Acupoint: GB-34 (Other Names: Gallbladder-34/Yang Ling Quan/Yang Mound Spring)

This fantastic point for sciatica is located in a depression one cun (one finger width of the thumb) anterior and inferior to the fibula's head below the knee's lateral aspect. If you can't find the acupoint, try to rest your finger at the base of your knee cap. Then, move the finger gradually outward until you feel the protruding fibula's head. The depression immediately below the fibula's head is GB-34. This point helps sciatica and issues with the lower back, hip, lower limbs, and knees.

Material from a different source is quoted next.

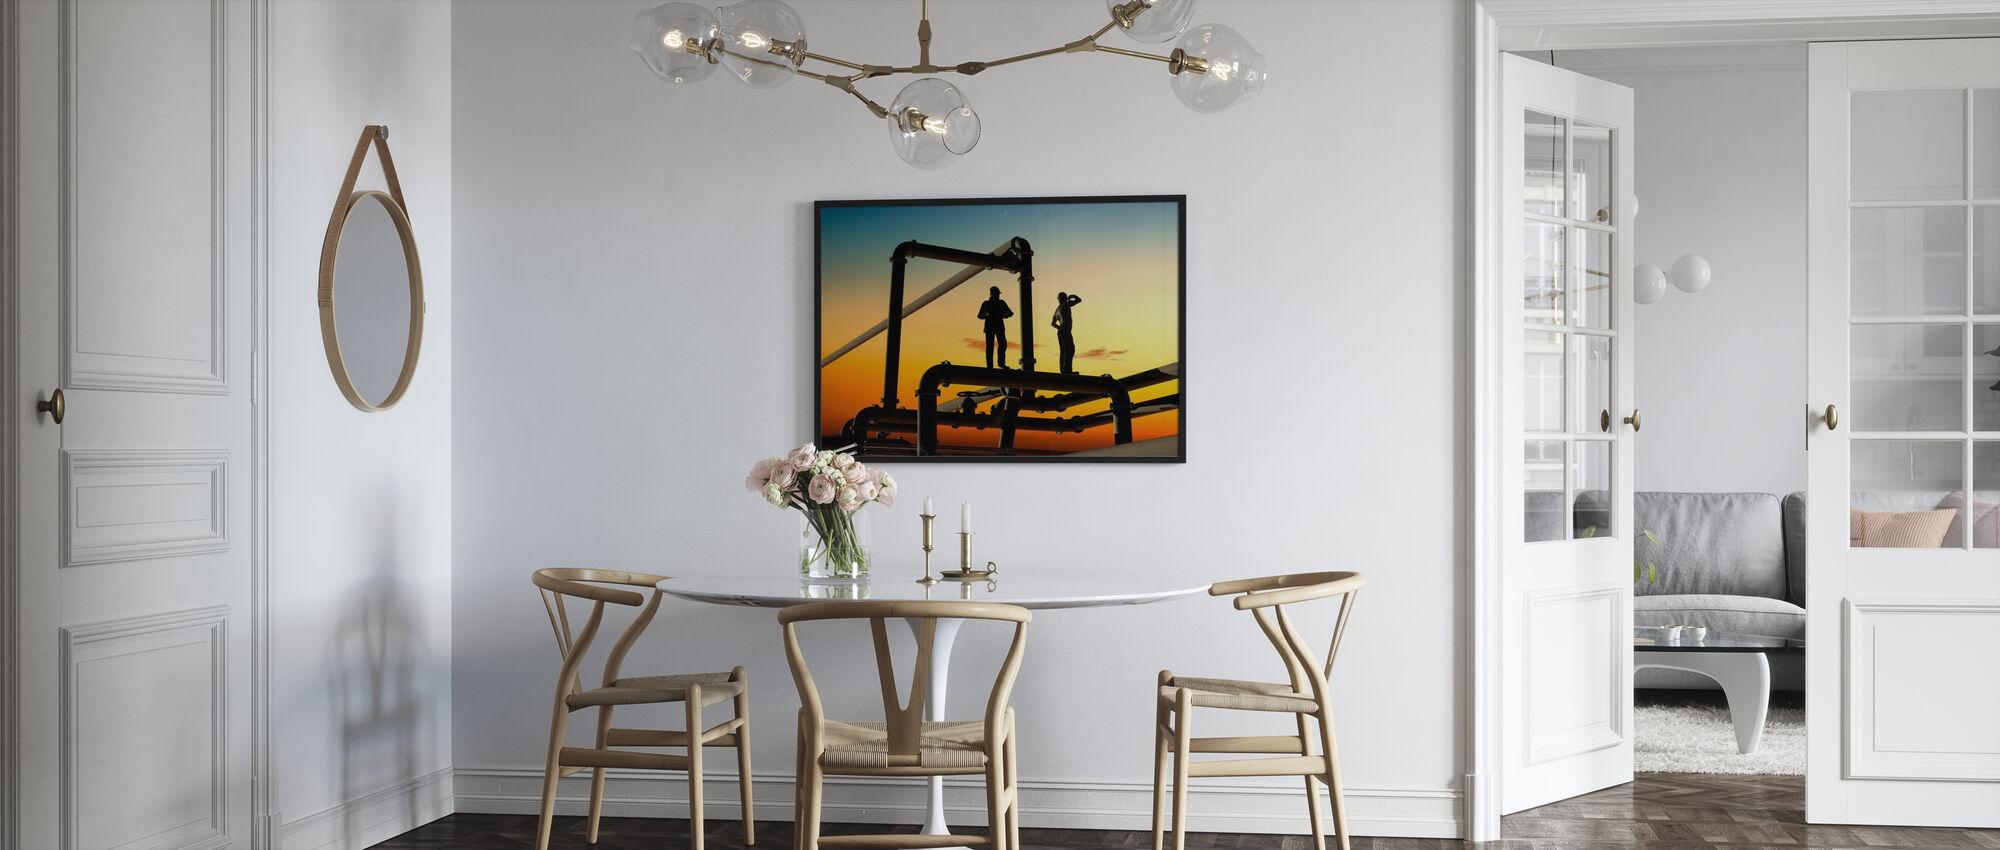 Öljytyöntekijät ja putket Sunset - Juliste - Keittiö

Whenever you have a tendon or ligament problem or pain, Gallbladder 34 is the point you should go for. GB34 is best for all types of issues related to tendons and ligaments.

Acupoint: Bl-54 (Other Names: Urinary Bladder-54/Zhi Bian/Order's Limit)

Here is another excellent point for sciatic pain. It is located near the sacrum and on the left and right sides of the spine's end. It is about 3 cun (4 fingers' width, excluding the thumb) lateral to the lower border (GV line) at the level of the 4th posterior sacral foramen (S4). This point is useful for sciatica pain, especially if the pain radiates along the leg's posterior aspect. It also helps activate the meridian, strengthens the lower back, alleviates pain, muscular atrophy, numbness, and motor impairment of the lower extremities.

Acupoint: Bl-37 (Other Names: Urinary Bladder-37/Yin Men/Gate of Abundance)

You can find this point on the posterior thigh, in the depression between the hamstrings, 6 cun (8 fingers' width, excluding the thumb) below Chengfu (Bl-36). It is easier to locate Bl-36 first because it is the midpoint of the fold of the buttock.  Bl-37 is perfect for strengthening the spine and alleviates pain, especially lower back pain, sciatic pain, local hamstring, thigh, and leg pain. It is a very practical acupoint for sciatica or paralysis of the legs.

Acupoint: Bl-40 (Other Names: Urinary Bladder-40/Wei Zhong/Middle of the Crook)

BL40 is a unique acupoint that extracts heat from the channel. Acupoints that clear heat from the channel are beneficial for pain-related problems. BL40 can help relieve a sore throat, headache, toothache, foot pain, back pain, sciatic pain, hip pain, and knee pain.

You can find it in the center of the crease that marks the back of the knee between the tendons of biceps femoris and semi tendinosis.

Acupoint: Bl-57 (Other Names: Urinary Bladder-57/Cheng Shan/Support the Mountain)

This point is located on the lower leg's posterior midline, halfway between Bl-40 and Bl-60. This acupoint is at the depression that appears under the gastrocnemius muscle when you straighten the calf and lift the heel.

BL57 is the perfect acupuncture point for hemorrhoid pain and helps relieve constipation, sciatica, and lower leg pain.

Acupoint: Bl-60 (Other Names: Urinary Bladder-60/Kun Lun/Kunlun Mountains)

This point is situated in a depression midway between the tip of the external ankle bone and the Achilles tendon's outer edge.

It is a powerful point for alleviating pain in any region of the spine and improves chronic lower back pain or lower limbs' numbness.

Try Ear Seeds For Sciatic Pain

I also found this technique known as ear seed or ear acupressure to help sciatic pain. For this, you would require small black seeds of the Vaccaria plant, which you can put on your ear over specific acupressure points using an adhesive tape. The seeds stimulate the acupoint in the ears by exerting mild pressure and offer relief from sciatic pain. You can find out more about the benefits of Ear Seeds here.

The Final Verdict

So, does acupuncture work for sciatic pain? It certainly did help in my case. My body is still sensitive to cold and dampness, and I continue to use the DIY acupuncture or Acupressure technique at home as a strengthening and preventive measure. This way, my body stays completely pain-free and supple, I don't get colds, have good stamina, and am happy, and I wish the same to you!